Fortuna Köln nach Abstieg vor ungewisser Zukunft

Fortuna Kölns Trainer Oliver Zapel unter Tränen nach dem Abstieg aus der 3. Liga.

Fortuna Köln nach Abstieg vor ungewisser Zukunft

  • Fortuna Köln steigt in die Regionalliga West ab
  • Trainer Zapel: "Ich bin durch"
  • Spielbetriebs-GmbH wird wohl abgewickelt

Fortuna Köln steht nach dem sicheren Abstieg aus der 3. Fußball-Liga vor einer ungewissen Zukunft. "An so einem Tag würde man sich am liebsten vergraben. Ich bin durch", sagte Trainer Oliver Zapel am Samstag (11.05.2019) unter Tränen nach der entscheidenden 2:3-Niederlage beim TSV 1860 München am vorletzten Spieltag.

Fortuna Köln - Vierter in der ewigen Tabelle der 2. Liga und Erstligist in der Saison 1973/74 - steht damit vor einer schwierigen Saison in der Regionalliga West. "Das trifft uns bis ins Mark", erklärte Zapel mit einem dicken Klos im Hals: "Die Intensität der letzten drei Wochen mit all den Vorkommnissen war so immens, dass es einen wirklich nicht schlimmer hätte treffen können."

Schwetje wird Klub wohl verlassen

Nach Informationen des "Kölner Stadt-Anzeigers" wird Investor Michael W. Schwetje den Klub verlassen. Schwetje hatte die Spielbetriebs-GmbH geführt, in der alle Spieler und Mitarbeiter angestellt waren. Diese wird demnach abgewickelt. Für einen professionellen Spielbetrieb muss der Südstadt-Klub die nötige Finanzierung aufbringen. In der Drittliga-Saison stellten die Kölner eine breite Sponsoren-Basis zusammen, auf die sie nun bauen müssen.

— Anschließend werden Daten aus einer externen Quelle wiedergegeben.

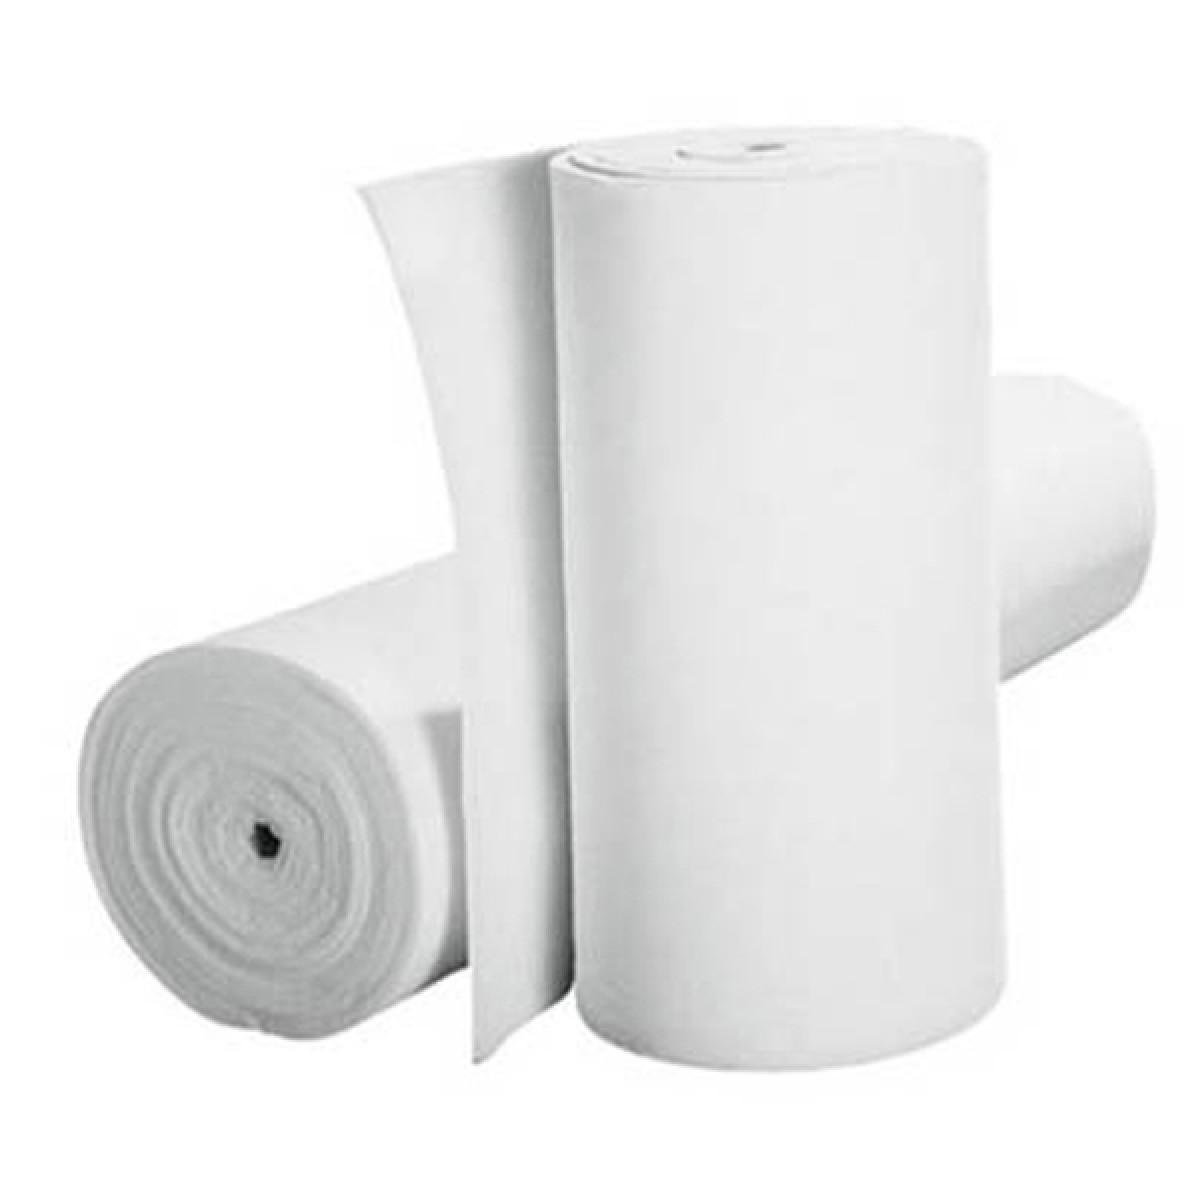 Tessuto filtrante spess. 15 mmrotolo h. 1500 mm.

Zu allem Überfluss hat der finanzstarke Stadtrivale Viktoria Köln am kommenden Spieltag die Chance, in die 3. Liga aufzusteigen und der Fortuna damit den Rang als Nummer zwei in der Stadt hinter dem 1. FC Köln abzulaufen. "Es wird sehr lange dauern, bis wir das überhaupt realisiert haben was passiert ist", gab Zapel zu, dessen bisher dreiwöchige Rettungs-Mission scheiterte.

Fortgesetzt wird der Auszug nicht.